One of the most unnoticed issues of technical analysis in Forex market is the ability to understand the principal philosophies of the Dow Theory. Dow Theory remains the main collection of editorials created by Charles Dow in early 1900’s and is still considered the foundation of technical analysis.
The Dow Theory is mostly used by stock market traders, but this can help beginner traders to understand the essence of market and help them to identify market trends, accordingly giving them an opportunity to enter into more profitable trades.
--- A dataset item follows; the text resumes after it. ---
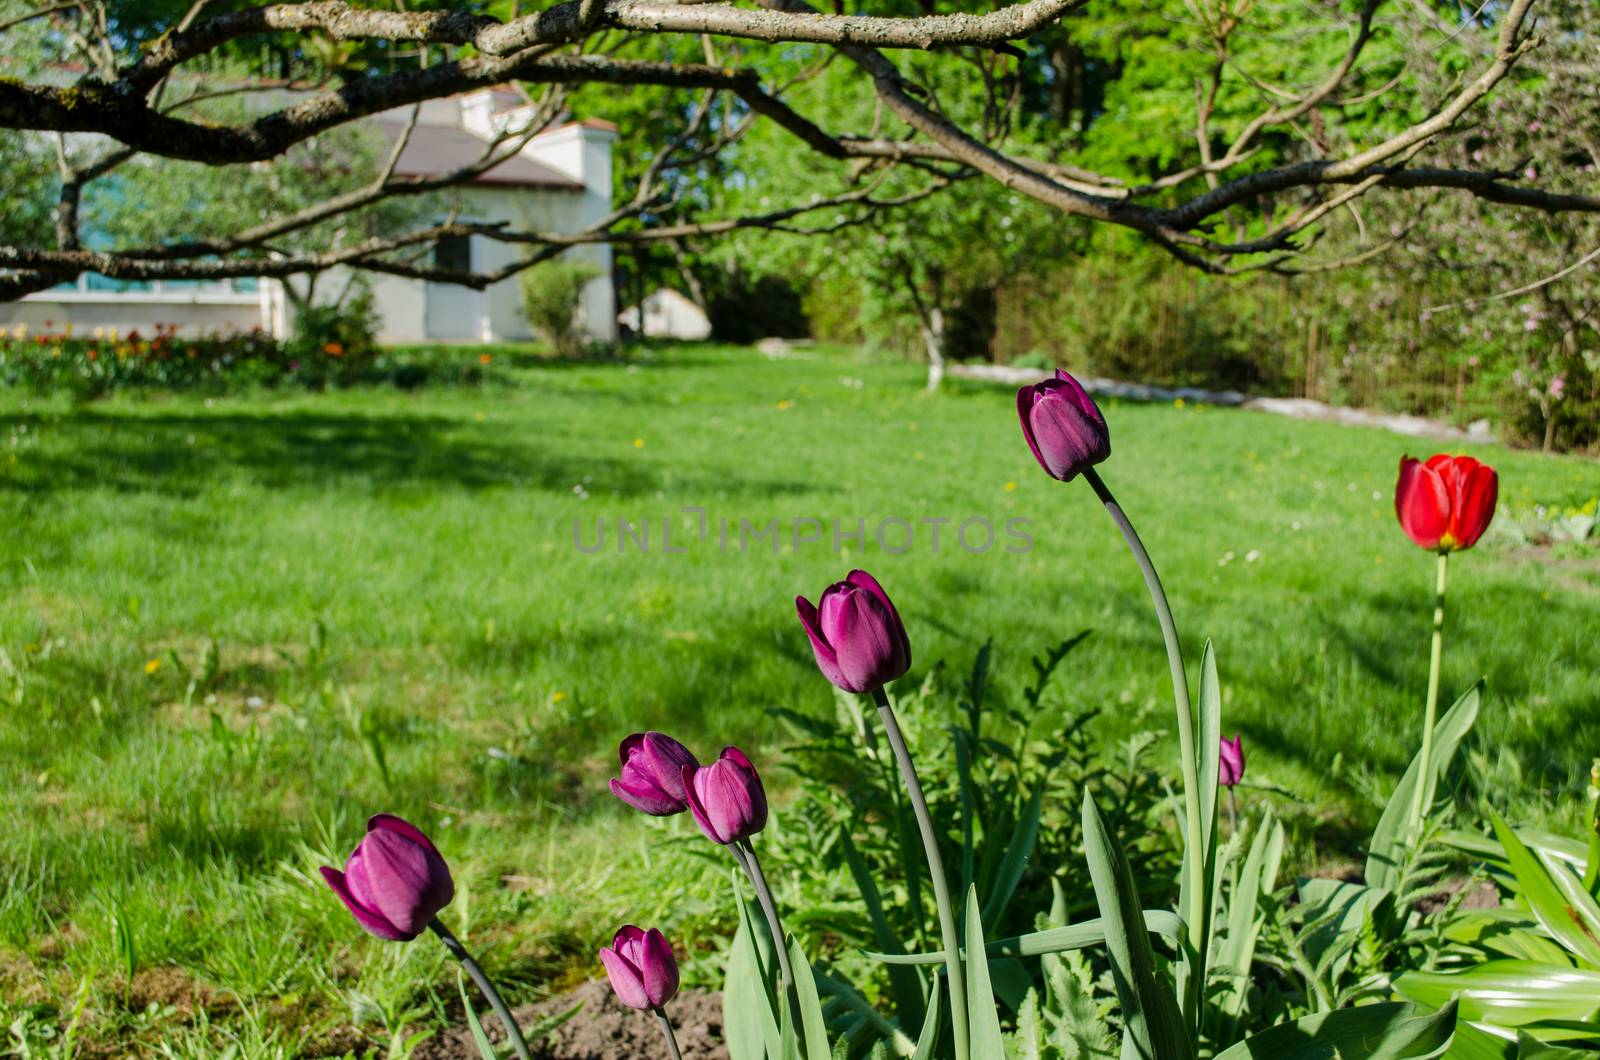 dark purple decorative garden tulips in the shade of trees

One of the most well-known theories of Dow is his belief that there are three principle types of trends:
1. The Primary trend
2. The Secondary trend
3. The Minor Trend
The primary trend of Dow Theory is a long term trend that is mostly used by beginner Forex traders. This trend can last for years. Actually, before starting the trades, all Forex traders should figure out the main direction of the currency pair moving. The secondary trend is the movement in the opposed way of the primary trend, which may last from several weeks to several months. At last, the minor trend of Dow Theory is quite the same as it sounds to be. This trend is principally the one what beginners want to use.
How do you define a trend?
If you are using Dow Theory, the trend that is rising is nothing more than a series of rallies in which the previous rally is lower than the current one. On the other side, a trend that is falling is nothing more than a series of sell-offs in which the previous sell-off is higher than the current one.
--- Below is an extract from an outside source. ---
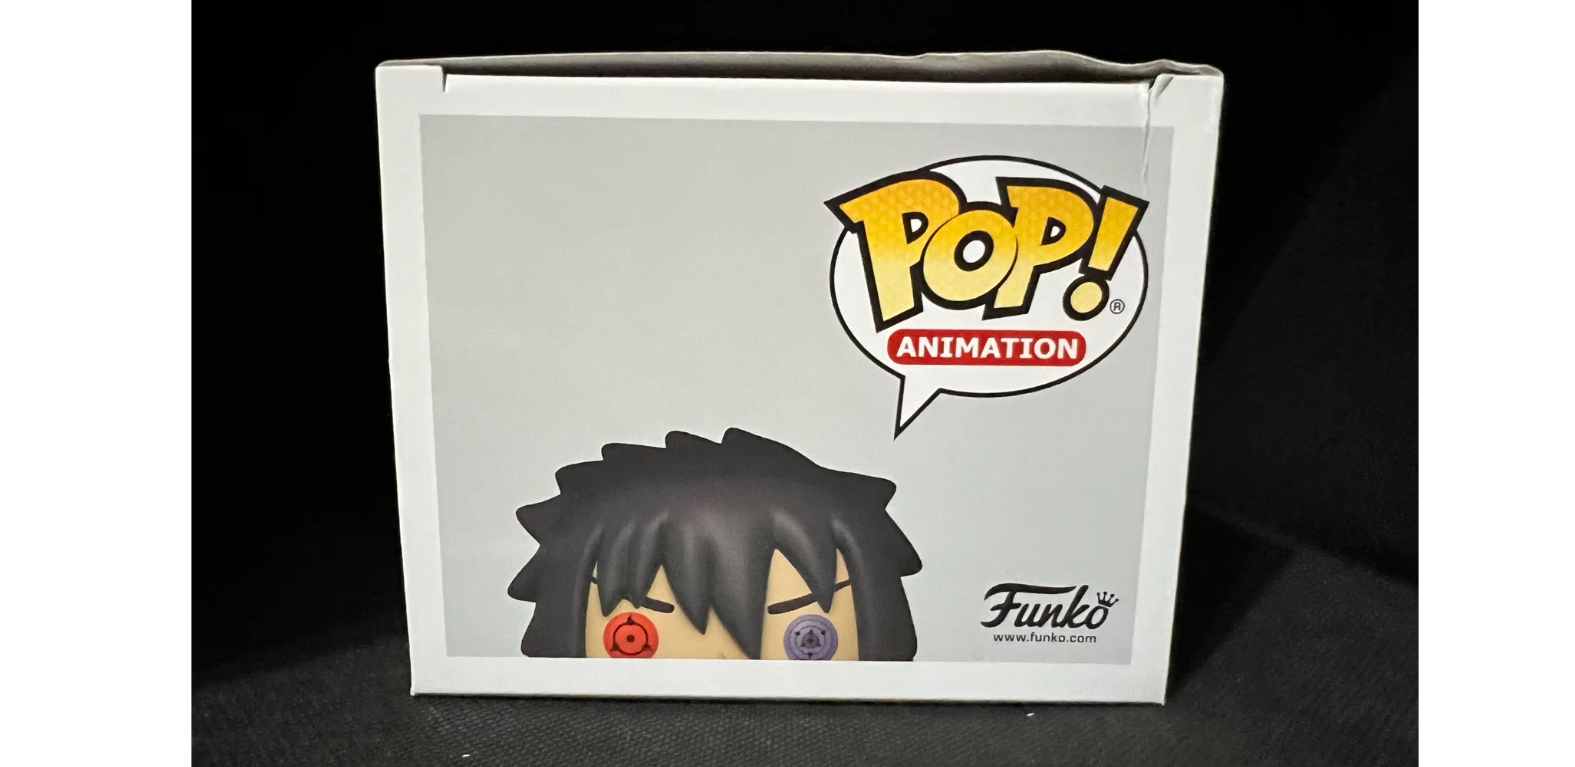 Naruto Sasuke Uchiha Rinnegan Funko Pop! Vinyl Figure #1023 - AAA Anime  Exclusive

If you want to deal with Forex investment, you should be able to understand that a trend is long-term, and until it is proven that the trend is moving in the other direction, there is no need for you to follow the trend.
You should also realize that the secondary trends can help you to make a good profit. If you see that the primary trend is rising, you can already assume that the secondary trend could be a series of rallies and sell-offs.